Leaktracer: A Rust allocator to trace memory allocations

A simple allocator to help you find leaks and memory issues in your Rust applications

June 26, 202511 min read

A few days ago, I had a memory issue in one of my Rust applications.

The application was huge, and for some reason the memory kept growing with hundreds of gigabytes of memory allocated, but I couldn't find the source of the leak.

Of course I know there are tools like valgrind or heaptrack, but I was actually expecting something to embed in my application and very easy to use to do that, since we can implement our own allocators in Rust.

Actually, there are some solutions, but they were too long to setup, or not really what I was looking for.

So I thought it would be a good idea to create a simple allocator that would be able to trace memory allocations and deallocations, and give the user the ability to dump the allocations to a file, and then analyze them.

The idea behind Leaktracer

The idea was to create a simple allocator with the following features:

  • Trace all memory allocations and deallocations.
  • Give the freedom to the user on how to dump the allocations.
  • Be extremely easy to integrate in an existing application, if possible with a single line of code.

The implementation

Defining the allocator

I started implementing Leaktracer by defining the allocator, called LeaktracerAllocator, which implements the GlobalAlloc trait. This trait is used to define a global allocator in Rust.

And this can be achieved very easily:

pub struct LeaktracerAllocator;
impl LeaktracerAllocator {
pub const fn init() -> Self {
LeaktracerAllocator
}
}
unsafe impl GlobalAlloc for LeaktracerAllocator {
unsafe fn alloc(&self, layout: Layout) -> *mut u8 {
unsafe { System.alloc(layout) }
}
unsafe fn dealloc(&self, ptr: *mut u8, layout: Layout) {
unsafe { System.dealloc(ptr, layout) }
}
}

This is the basic structure of the allocator. The most important thing is that init must be a const fn, so it cannot allocate anything to the heap.

At this point we want to trace the allocations and deallocations.

At first we'll track just the total allocated memory.

pub struct LeaktracerAllocator {
allocated: AtomicUsize,
}
impl LeaktracerAllocator {
pub const fn init() -> Self {
LeaktracerAllocator {
allocated: AtomicUsize::new(0),
}
}
/// Returns the total number of bytes allocated by the allocator up to this point.
pub fn allocated(&self) -> usize {
self.allocated.load(std::sync::atomic::Ordering::Relaxed)
}
}
unsafe impl GlobalAlloc for LeaktracerAllocator {
unsafe fn alloc(&self, layout: Layout) -> *mut u8 {
let ptr = unsafe { System.alloc(layout) };
if !ptr.is_null() {
self.allocated.fetch_add(layout.size(), Ordering::Relaxed);
}
ptr
}
unsafe fn dealloc(&self, ptr: *mut u8, layout: Layout) {
unsafe { System.dealloc(ptr, layout) };
self.allocated.fetch_sub(layout.size(), Ordering::Relaxed);
}
}

And this is the first version of the allocator that tracks the total allocated memory.
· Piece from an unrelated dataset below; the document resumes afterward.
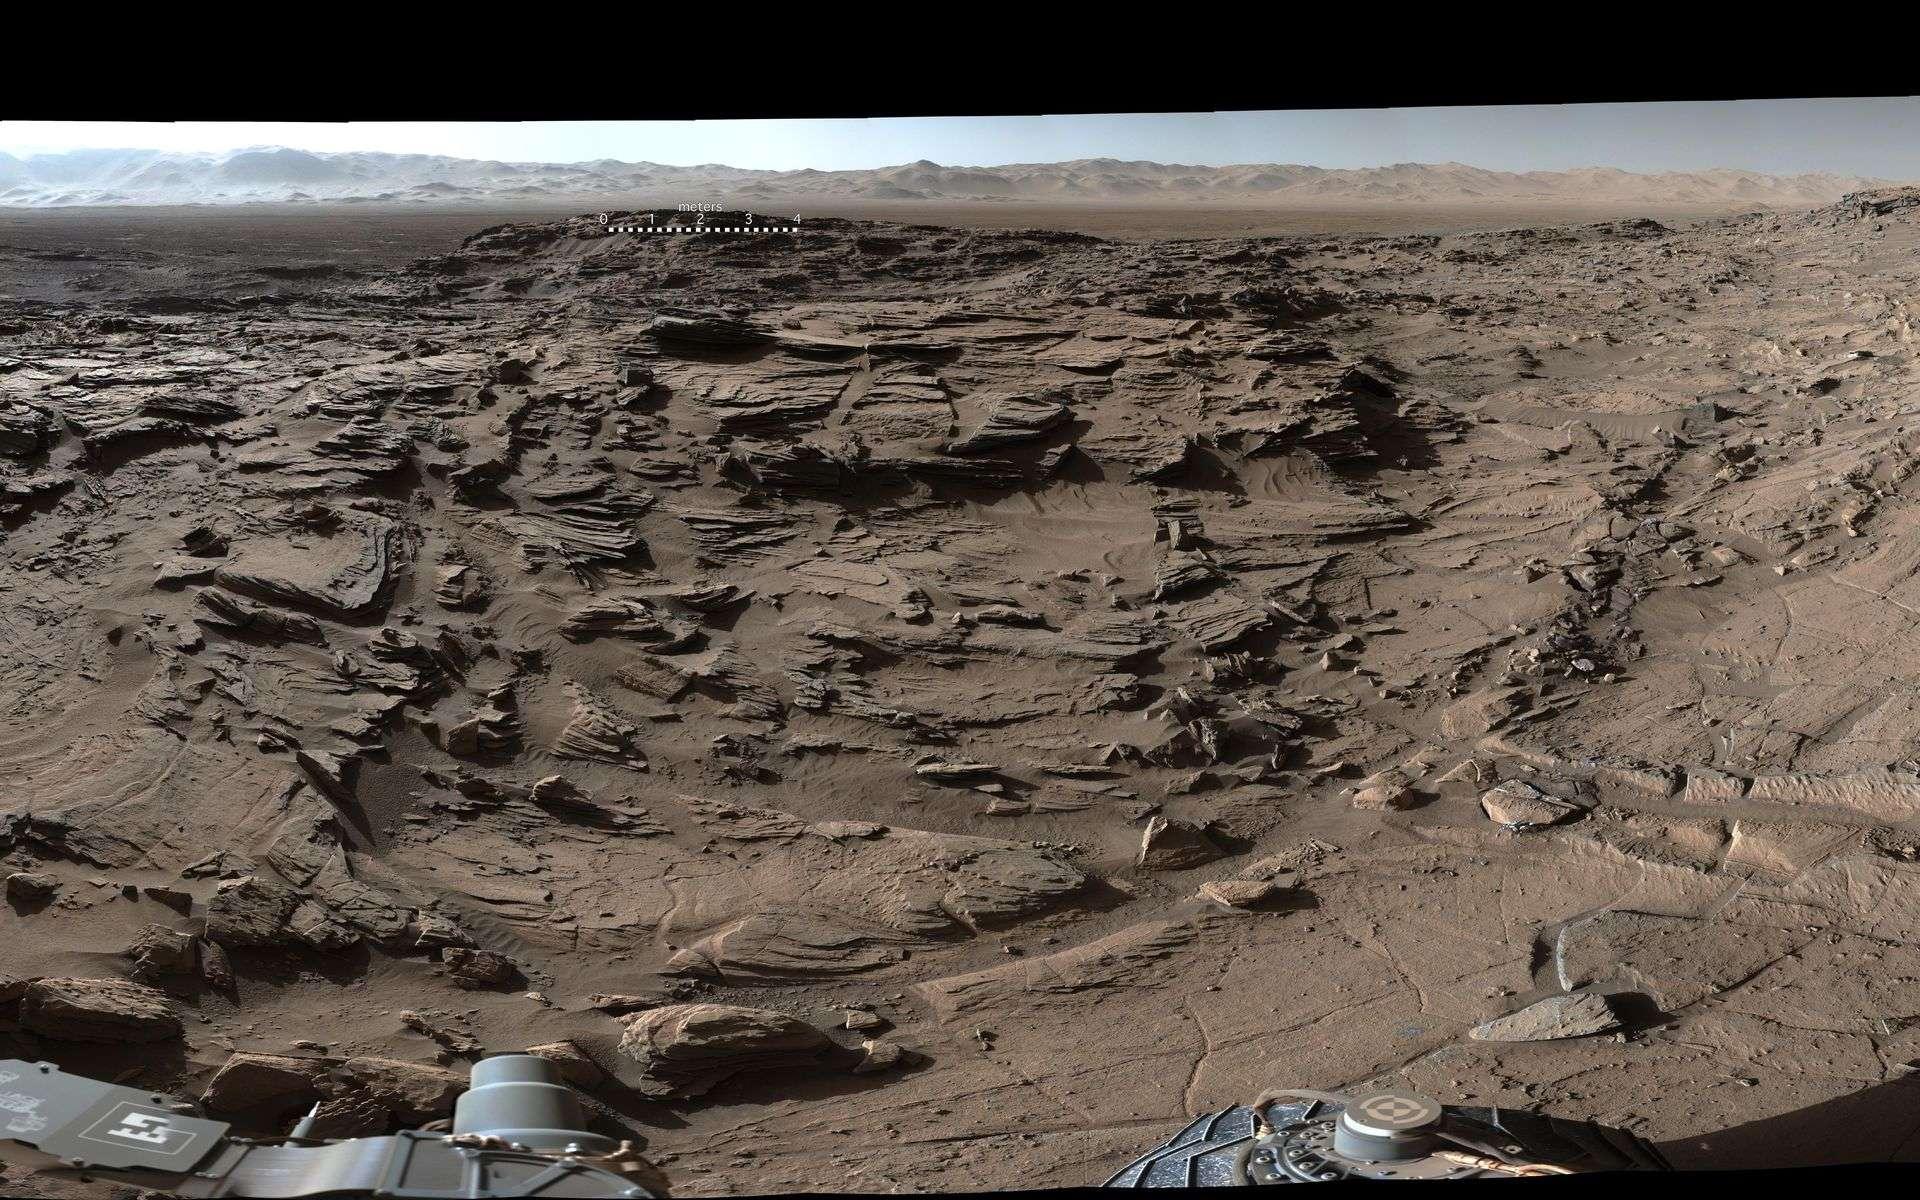 Extrait du panorama à 360° réunissant des dizaines de photos prises avec la MastCam de Curiosity par un bel après-midi martien, le 4 avril 2016 (sol 1.302). Au premier plan, le plateau Naukluft que traversait alors le rover. À l'arrière-plan, à droite, le mont Sharp. À l'arrière-plan, au centre et à gauche, les remparts du cratère Gale. Pour une vue complète en très haute résolution, cliquez ici pour télécharger le fichier de 110 Mo. © Nasa, JPL, MSSS

The init method is still a const fn, because AtomicUsize is const compatible, and we can use it to track the total allocated memory.

Track allocations by modules

What I want to achieve now is to track the allocations made by each module and function, so I can see where the memory is allocated and deallocated.

To do so we have to face 3 problems:

  1. How to get the module and function name at runtime.
  2. How do we store the allocations.
  3. How can we prevent the allocator from recursively calling itself when we allocate memory for the allocations.

Preventing infinite recursion

Let's start with the 3rd problem, which is critical actually.

The issue is that if we allocate memory inside the alloc method, we will call the allocator again, which will lead to an infinite recursion; causing a stack overflow.

recursion

Also this would prevent us from correctly tracking the allocations, because we would also track the allocations made by the tracer itself.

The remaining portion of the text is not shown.